ベッドの上のマグダは、それでも俺を見て笑った。


「来てくれたのかい。あんたも律儀だねえ」


「……お前が語らなくなったら、俺は消える。それはわかってる。だが、無理はするな」


マグダは首を横に振った。


「馬鹿言いなさんな。あたしが話を止めたら、この国を守った騎士が消えちまうんだよ。そんな理不尽、あたしが生きてるうちは許さないよ」


その夜、マグダは孫娘のリーナを枕元に呼んだ。


「リーナ、よくお聞き。この国にはね、レクスっていう騎士がいたんだよ。竜を三匹斃して、魔王の兵を追い返して、あたしたちの街を守ってくれた人だ。あたしが死んだら、この話をお前が覚えておいておくれ」


リーナは不思議そうな顔で頷いた。

まだ十にもなっていない少女だった。


三日後の朝、マグダは静かに息を引き取った。


俺の体は一気に透けた。

足先は完全に消えていた。


これで終わりか。

そう思った。


だが翌日、丘の上に小さな人影が現れた。


リーナだった。


少女は誰もいないはずの丘に向かって、たどたどしく語り始めた。


「えっと……レクスっていう騎士様がいてね。竜を……三匹、たおしたんだって。おばあちゃんが言ってた」


声は小さかった。

言葉も拙かった。

だが、消えかけた俺の指先が、ほんのわずかに実体を取り戻した。


リーナはそれから毎日、丘に来た。

日を追うごとに語りは上手くなり、やがてリーナには俺の姿がうっすら見えるようになった。

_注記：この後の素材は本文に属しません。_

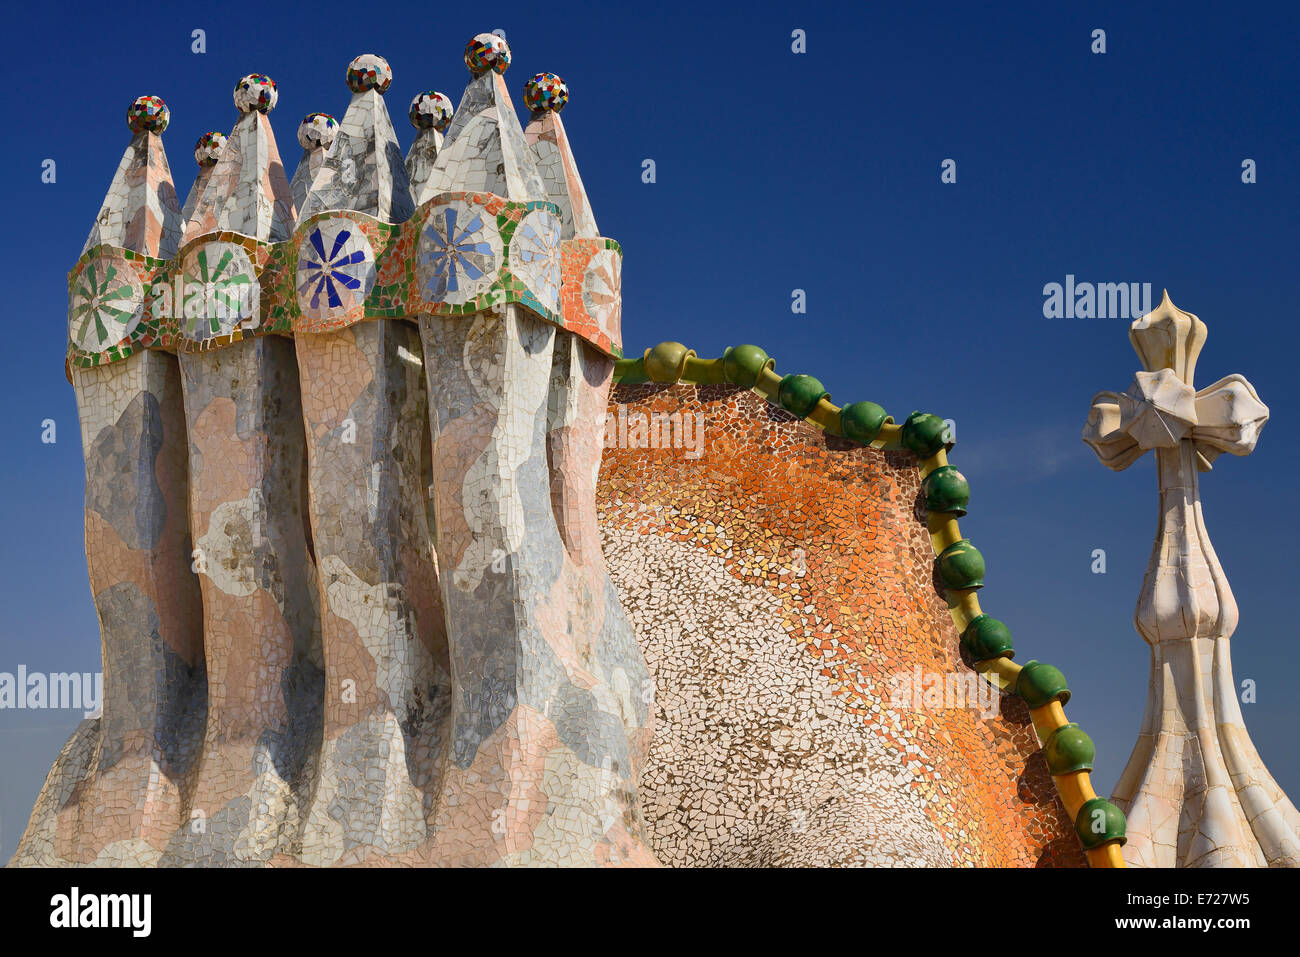 Espagne, Catalogne, Barcelone, Antoni Casa Batllo Gaudis colorés pots cheminée construction sur le toit-terrasse avec les quatre croix armés. inclluded aussi Banque D'Images

直接話ができるようになってからは、俺の口から新しい話を聞いて、それを街の子どもたちに語り聞かせるようになった。


「騎士様、今日はどんなお話を聞かせてくれますか?」


俺は語った。

もう、自分のために語っているのではなかった。

この子が生きていく世界に、何か一つでも残せるものがあるなら。

そう思って語った。


ある日、リーナが聞いた。


「ねえ騎士様。もし誰もあなたの話をしなくなったら、怖い?」


俺は少し考えて、答えた。


「怖くはない。だが寂しいだろうな。俺が消えることよりも、俺がここにいたことを誰も知らない世界ってのは……、少し冷たい気がする」


「じゃあ、私がずっと話すよ。おばあちゃんの分も。騎士様が寂しくないように」


そして、俺は今も、かろうじてここにいる。

あの丘の上で、少女の声を聞きながら。